Савелий… Он тоже переживать не станет, если только за свой проект, который новый руководитель может задвинуть.
Проект... Оказывается чертов проект может быть важнее, чем простые человеческие ценности. Главное реализовать проект, а чувства Лерки не нуждаются во внимании. Вот эмоции красоток и моделей важны, они в приоритете! Как можно обидеть и обесценить чувства кукольного образа. Нельзя! Другое дело страшила Валерия – да ей за радость будут капли внимания и заботы, она ради этих капель по асфальту растелится. И конечно она не примет во внимание, что на ее эмоциях потоптались. Более того, она ещё будет благодарна за те крохи, что ей накидал такой красавчик как Савелий.
Что нового я узнала о себе из разговора Смирнова и Петра? Ничего. Более того меня еще по хуже называли, но… Но никто перед этим не играл со мной, не фальшивил, не втирался в доверие, не врывался в сердце и в голову… Не целовал. Меня никто и никогда не целовал.
Представляю, что парень при этом чувствовал. Отвращение, неприязнь, брезгливость… и далее по списку. А я ещё дура думала, почему он целует меня настолько неестественно и без капли эмоций. Ответ готов и закинут в мою голову вместе с незабываемыми образами наших двух поцелуев. Савелию был важен проект и больше ничего. Ни-че-го!!!
На вторые сутки рыдания прекратились, потому что в кухонном шкафу я нашла бутылку виски. Я приговорила литр спиртного за три часа и отключилась. Спала больше двенадцати часов и проснулась от того, что смотритель тарабанит в окно кухни.
- Живая! – утвердительно кивает дед, когда я подхожу к окну и сразу разворачивает квадроцикл, чтобы вернуться в деревню.

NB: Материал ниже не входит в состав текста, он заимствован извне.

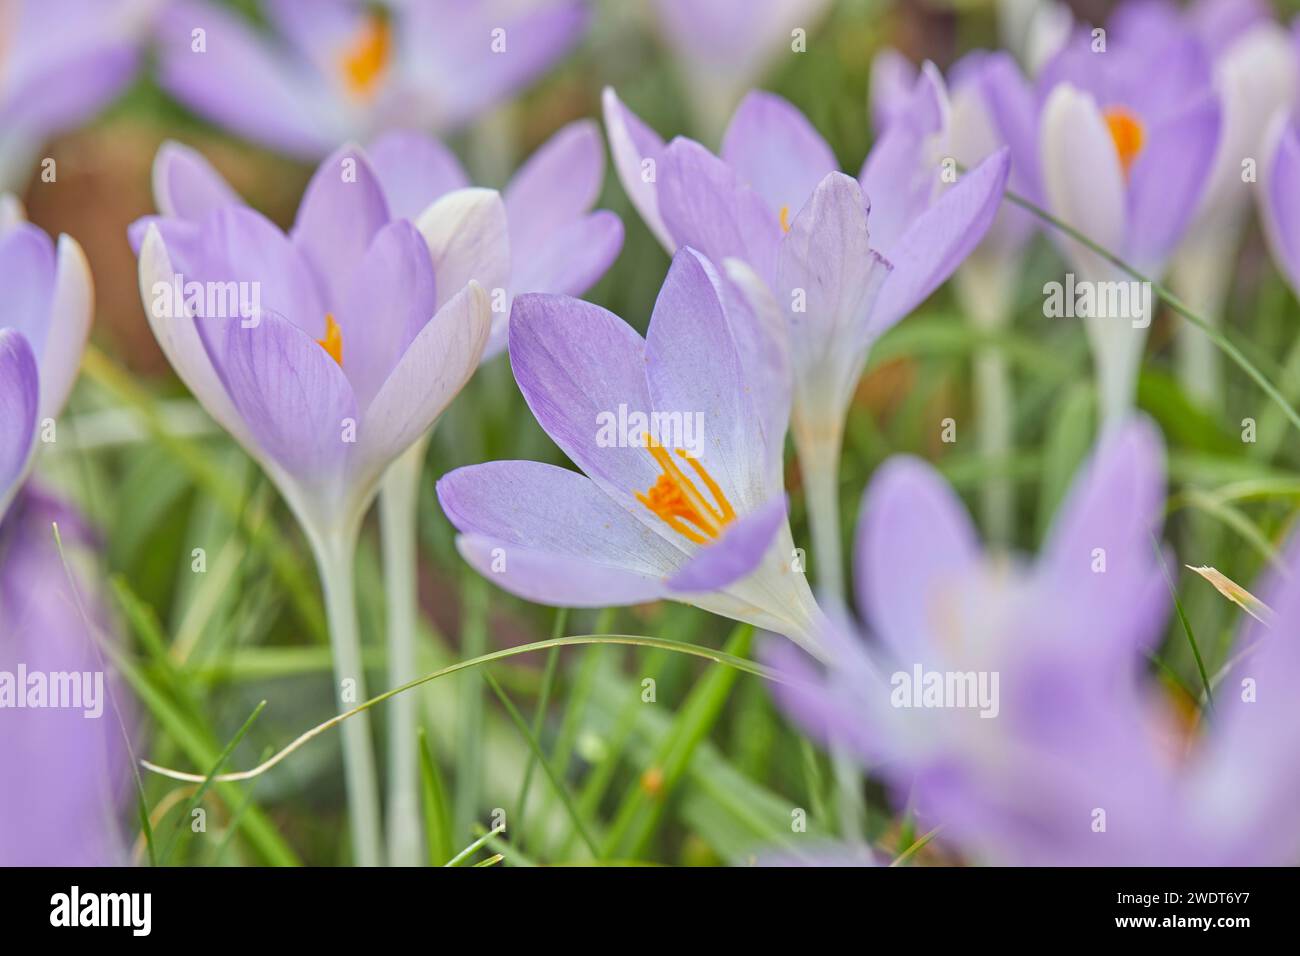 Crocus pourpre en fleur au début du printemps, une des premières fleurs à annoncer l'arrivée du printemps, dans le Devon, Angleterre, Royaume-Uni, Europe Banque D'Images

Я резко подаюсь вперед и распахиваю окно.
- Дед, тебя кто просил ко мне приехать?
Смотритель глушит мотор и, пожимая плечами, отвечает.
- Никто. Увидел позавчера, что ты хворая и теперь проведываю тебя. Вчера тоже был, но пешком.
- А зачем тебе это? Если я здесь умру, тебя никто не обвинит, ты не переживай, - дрожа всем телом от нахлынувшего похмелья, спрашиваю я.
- Странный вопрос. Ты человек и я человек. Что ж мне не переживать за тебя.